----- Stored data

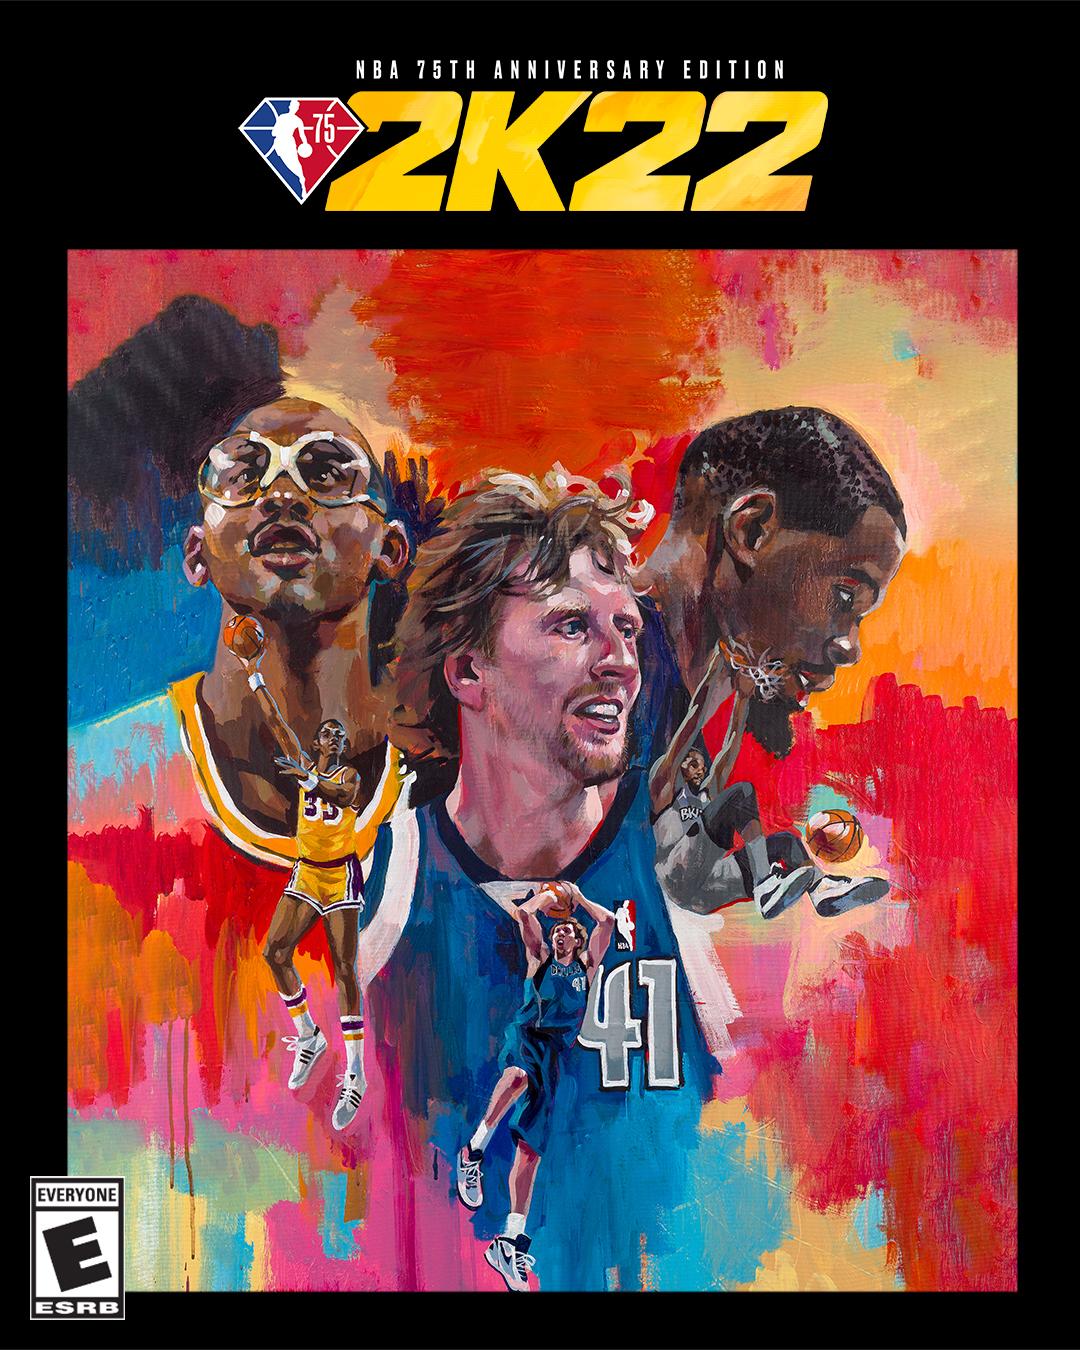 Luka Donic Kareem Abdul Jabbar Dirk Nowitzki And Kevin Durant Are Nba 2k22 Cover Athletes Shacknews
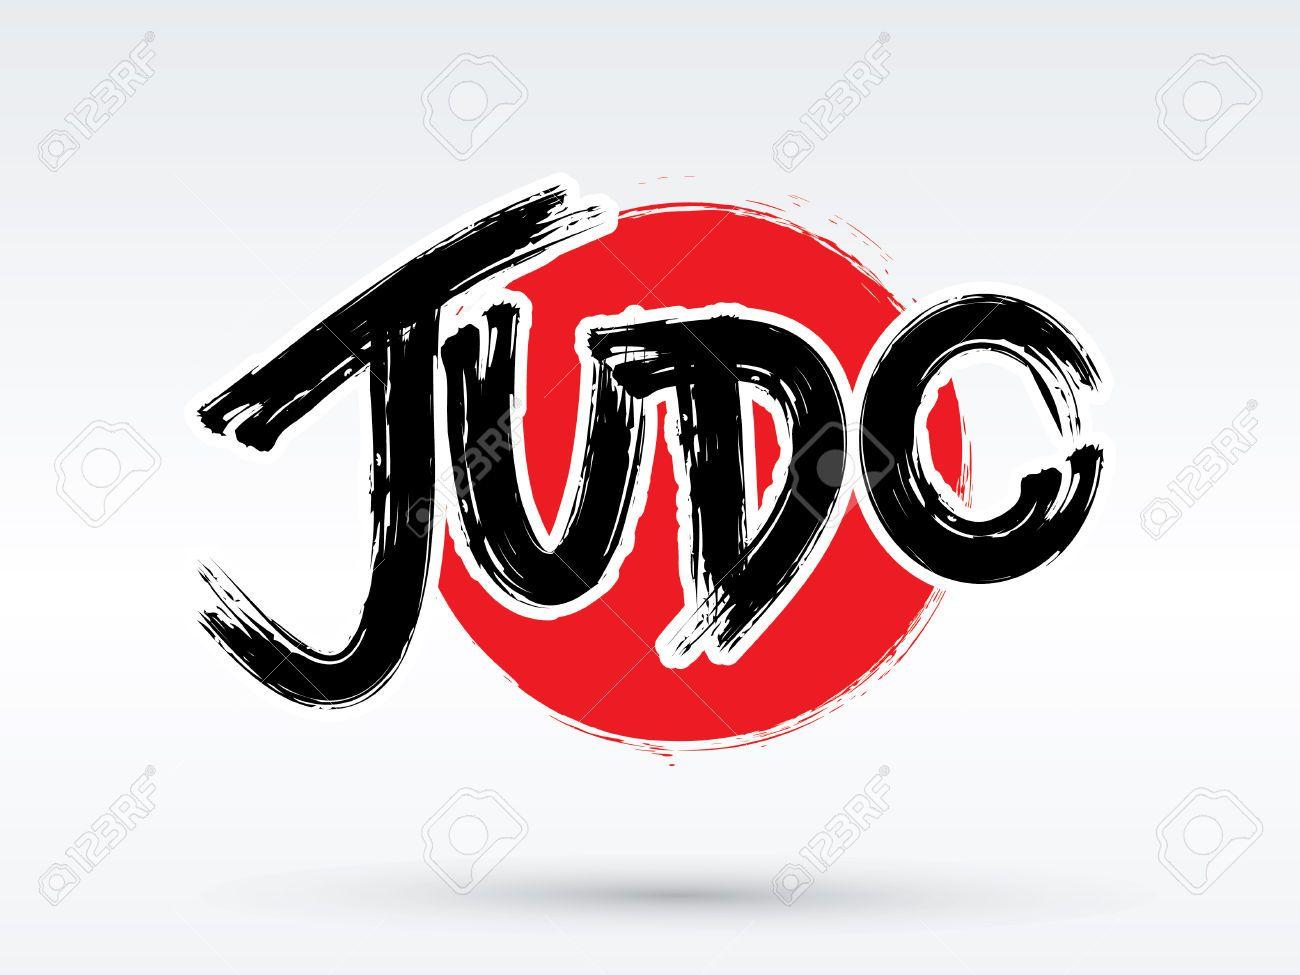 judo cepillo de texto gr u00e1fico vectorial ilustraciones karate logo design karate logo shotokan
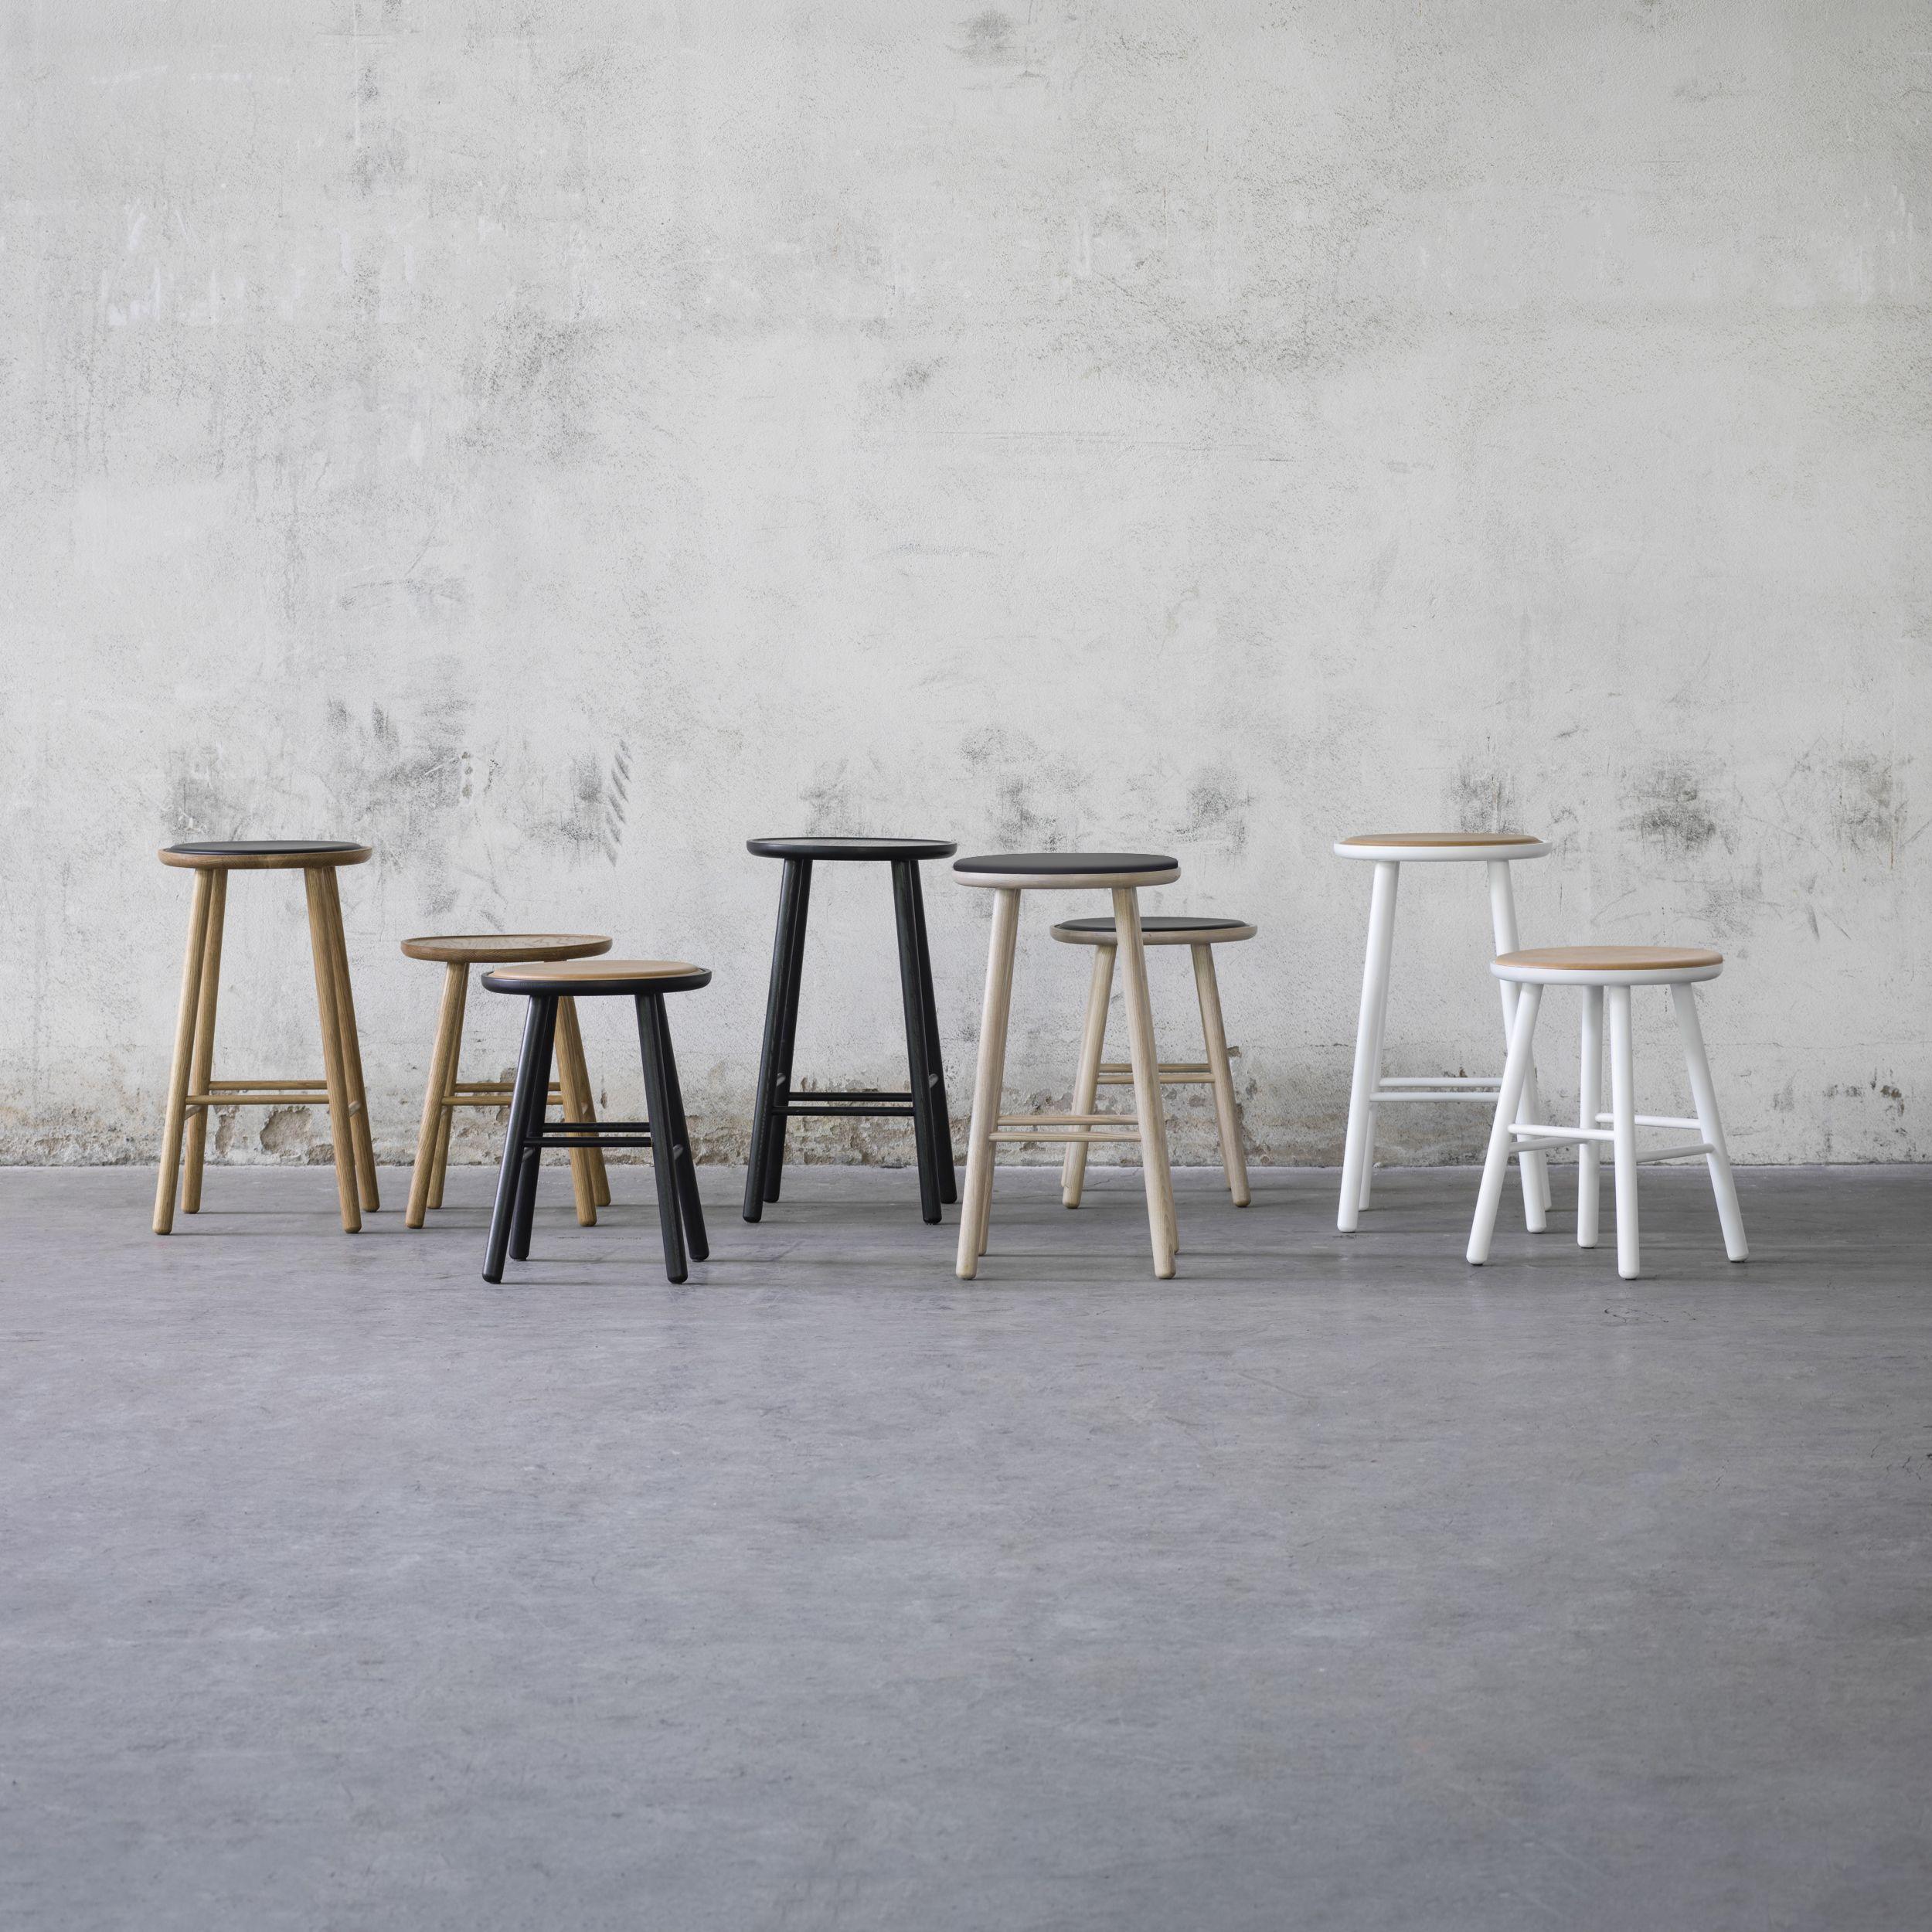 ZigZag Stools in 2020 | Waiting room design, Hallway designs

----------

Required action:
Exactly as written above, print every line of the data but not its pictures.

Answer area:
 Luka Donic Kareem Abdul Jabbar Dirk Nowitzki And Kevin Durant Are Nba 2k22 Cover Athletes Shacknews
 judo cepillo de texto gr u00e1fico vectorial ilustraciones karate logo design karate logo shotokan
 ZigZag Stools in 2020 | Waiting room design, Hallway designs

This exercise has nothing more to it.